Faidon Matthaiou, (alternate spellings: Feidon, Fedon, Mathaiou, Mattheou; : 12 July 1924 – 17 September 2011) was a Greek professional basketball player and coach. He was a center at the start of his career, and at the end of his career, he also played as a point guard. He wore the number 1 jersey throughout his career. He represented Greece twice at the Summer Olympics. As a rower at the 1948 Summer Olympics, and as a basketball player at the 1952 Summer Olympics.

Faidon Matthaiou is widely considered to be the Patriarch of Greek basketball.

Professional playing career

Born in Thessaloniki, Matthaiou began playing professional basketball, as well as many other sports, with Aris in 1945. His father was Manthos Matthaiou, president of Aris Thessaloniki, who was killed in 1941 during Italian air bombings of Thessaloniki during the Greco-Italian War. In 1949, he transferred to Panathinaikos. He also played with Panionios, the Italian League club Pallacanestro Varese, and Sporting.

With Panathinaikos, he won 3 Greek League championships, in the years 1950, 1951, and 1954. He also played at the International Cup Tournament (the forerunner of the EuroLeague) in 1955 at the Viareggio Tournament, where he was the leading scorer and MVP.

National team playing career
Matthaiou played for the Greece men's national basketball team, as one of its leading members for 44 games, and he scored a total of 539 points (12.25 points per game).
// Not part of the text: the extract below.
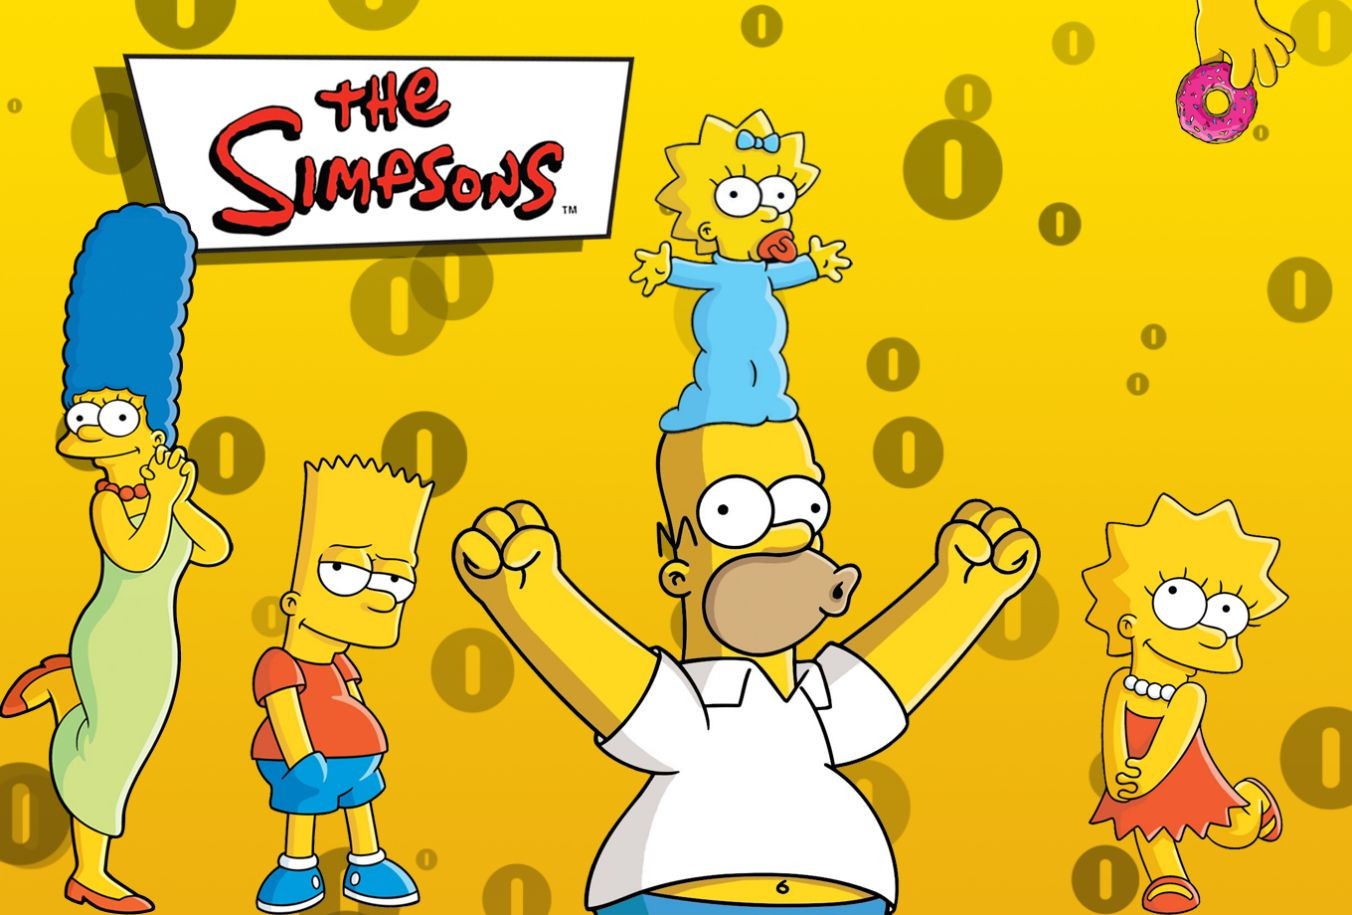 The Simpsons Marge Simpson Bart Simpson Maggie Simpson Homer Simpson Lisa Simpson 1352x915
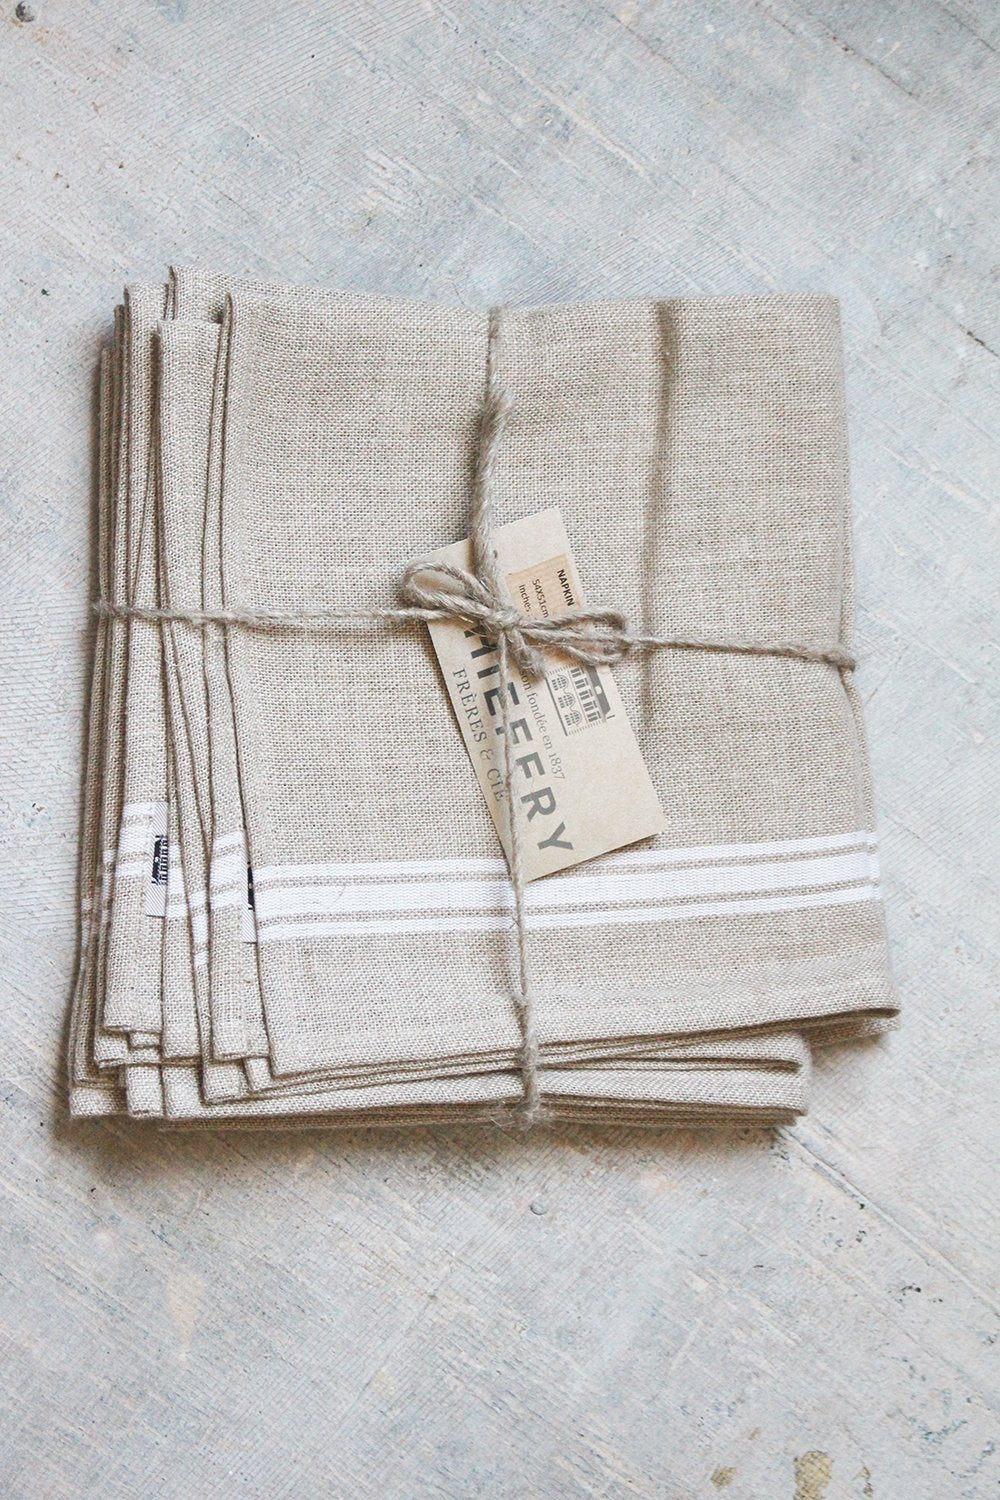 Thieffry White Monogramme Linen Dish Towel (28" x 20.5") - French Dry Goods

He also played in the very first official game of the Greece men's national basketball team, which was played at the FIBA EuroBasket 1949. He was the team's leading scorer at that tournament with 66 points, while the Greece men's national basketball team also won the tournament's bronze medal. He participated as a player in 2 FIBA EuroBasket tournaments, the FIBA EuroBasket 1949 and the FIBA EuroBasket 1951, and also in the 1952 Olympic Basketball Tournament.

Coaching career
After his playing career ended, Matthaiou coached the Greece men's national basketball team at three FIBA EuroBasket tournaments, the FIBA EuroBasket 1961, the FIBA EuroBasket 1965, and the FIBA EuroBasket 1969. He also coached professional sport clubs of the Greek League, such as Olympiacos, AEK, PAOK and Peristeri. He also coached the Italian League clubs Storm Varèse and Virtus Roma.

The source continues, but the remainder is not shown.